Centenary of RMS Titanic sinking
April 15 1912 - 2012
Launched on 31 May 1911
Completed on 31 March 1912
Sank on 15 April 1912, after collision with an iceberg during her maiden voyage from Southampton to New York with the loss of 1514 peoples.
Titanic carried 2224 passengers and crews.

Map of Titanic voyage from Southampton (United Kingdom) to Cherbourg (France), then to Queenstown (Iraland) and then toward New York (USA)
Captain Edward John Smith, RD, RNR (1850 - 1012)
Titanic last survivor Mrs M. Dean (1912 - 2009)
Titanic Memorials
Titanic Ship crest
White Star Line Flag

Titanic Ship history:
Titanic was built at the Harland and Wolff shipyard in Belfast, Ireland and designed to compete with the rival Cunard Line's Lusitania and Mauretania. Titanic, along with her Olympic-class sisters, Olympic and the soon-to-be-built Britannic (originally named Gigantic), were intended to be the largest, most luxurious ships ever to sail. The designers were Lord Pirrie, a director of both Harland and Wolff and White Star, naval architect Thomas Andrews, Harland and Wolff's construction manager and head of their design department, and the Right Honourable Alexander Carlisle, the shipyard's chief draughtsman and general manager. Carlisle's responsibilities included the decorations, equipment and all general arrangements, including the implementation of an efficient lifeboat davit design. Carlisle would leave the project in 1910, before the ships were launched, when he became a shareholder in Welin Davit & Engineering Company Ltd, the firm making the davits.
Construction of RMS Titanic, funded by the American J.P. Morgan and his International Mercantile Marine Co., began on 31 March 1909. Titanic's hull was launched at 12:13 on 31 May 1911, and her outfitting was completed by 31 March the following year. Her length overall was 882 feet 9 inches (269.1 m), the moulded breadth (max. width) 92 feet (28 m),[22] the tonnage 46,328 GRT, and the height, from the water line to the boat deck, 59 feet (18 m). She was equipped with two reciprocating four-cylinder, triple-expansion steam engines and one low-pressure Parsons turbine, each driving a propeller. There were 29 boilers fired by 159 coal burning furnaces that made possible a top speed of 23 knots (43 km/h; 26 mph). Only three of the four 62 foot (19 m) funnels were functional: the fourth, which only provided ventilation, was added to make the ship look more impressive. Of the two steam-powered steering engines installed, one was kept in use and one kept in reserve; the engines could be slid away and disengaged when not required.
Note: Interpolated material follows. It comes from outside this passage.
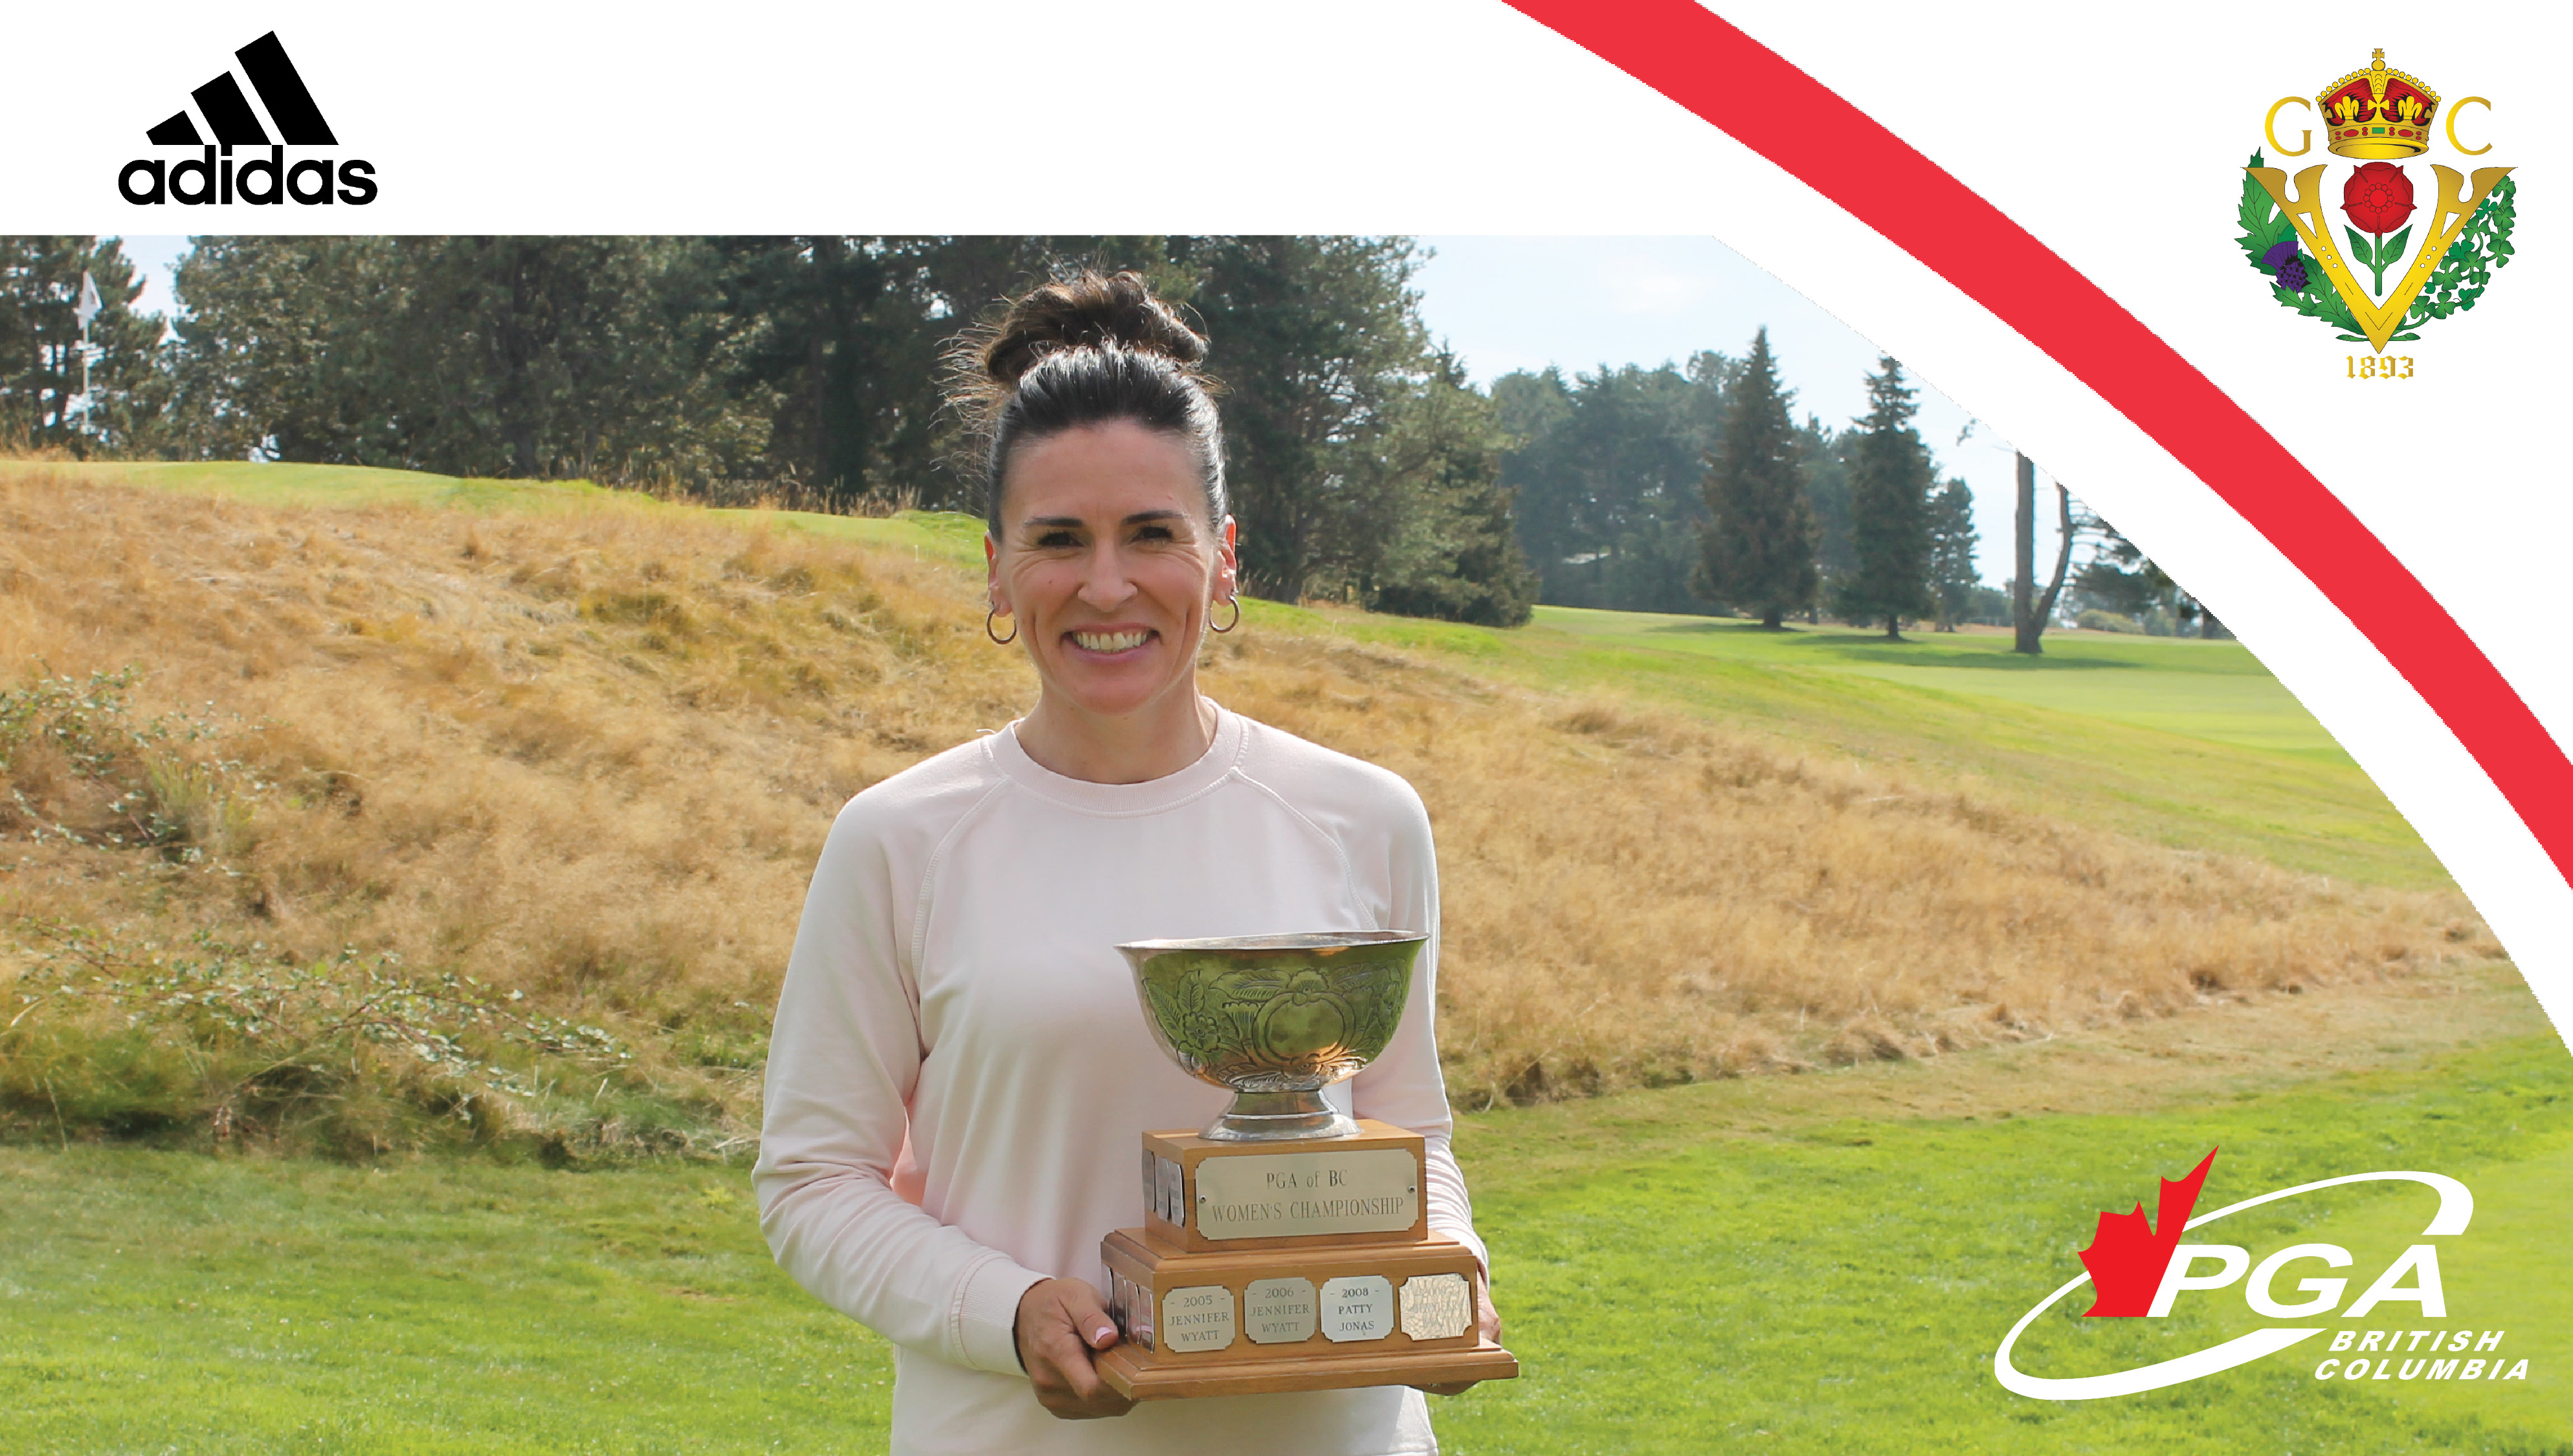 Zibrik wins third Womens Championship PGA of British Columbia

A quarter-circle rack-and-pinion drive was connected to the short tiller through stiff springs, to isolate the engines from any shocks in heavy seas or during fast changes of direction. As a last resort, the tiller could be moved by ropes connected to two steam capstans
The ship was licensed to carry 3547 persons, passengers and crew.
The Titanic's design and construction featured luxury and opulence. There was a telephone system, a lending library and a large barber shop on the ship. The first-class section had a swimming pool, a gymnasium, squash court, Turkish bath, electric bath and a Verandah Cafe. First-class common rooms were adorned with ornate wood panelling, expensive furniture and other decorations while the third class general room had pine panelling and sturdy teak furniture. The Café Parisien offered cuisine for the first-class passengers, with a sunlit veranda fitted with trellis decorations.[28] The ship incorporated technologically advanced features for the period, including three electric lifts in first class and one in second class. She also had an extensive electrical system powered by steam-driven generators, ship-wide wiring for electric lights and two Marconi radios. One 5,000-watt set was manned by two Marconi Company operators working in shifts sending and receiving passenger messages. First-class passengers paid a hefty fee for such amenities; the most expensive one-way trans-Atlantic passage was £870
After steaming at 17.5 knots (32.4 km/h) for just under four hours, RMS Carpathia arrived in the area and at 4:10 am began rescuing survivors. By 8:30 am she picked up the last lifeboat with survivors and left the area at 8:50AM [79] bound for New York. On 18 April, Carpathia docked at Pier 54 at Little West 12th Street in New York with the survivors. She arrived at night and was greeted by thousands of people. Immediate relief in the form of clothing and transportation to shelters was provided by the Women's Relief Committee, the Travelers Aid Society of New York, and the Council of Jewish Women, among other organizations. Titanic had been heading for 20th Street. Carpathia dropped off the empty Titanic lifeboats at Pier 59, as property of the White Star Line, before unloading the survivors at Pier 54. Both piers were part of the Chelsea Piers built to handle luxury liners of the day. As news of the disaster spread, many people were shocked that Titanic could sink with such great loss of life despite all of her technological advances. On the morning of 15 April 1912, the White Star Line headquarters in Liverpool were besieged by press and relatives of passengers, officials feared leaving the building and therefore updated the crowds from the fourth floor balconies. Newspapers were filled with stories and descriptions of the disaster and were eager to get the latest information. Many charities were set up to help the victims and their families, many of whom lost their sole breadwinner, or, in the case of third class survivors, lost everything they owned. On 29 April opera stars Enrico Caruso and Mary Garden and members of the Metropolitan Opera raised $12,000 in benefits for victims of the disaster by giving special concerts. The people of Southampton were deeply affected by the sinking. According to the Hampshire Chronicle on 20 April 1912, almost 1,000 local families were directly affected. Almost every street in the Chapel district of the town lost more than one resident and over 500 households lost a member.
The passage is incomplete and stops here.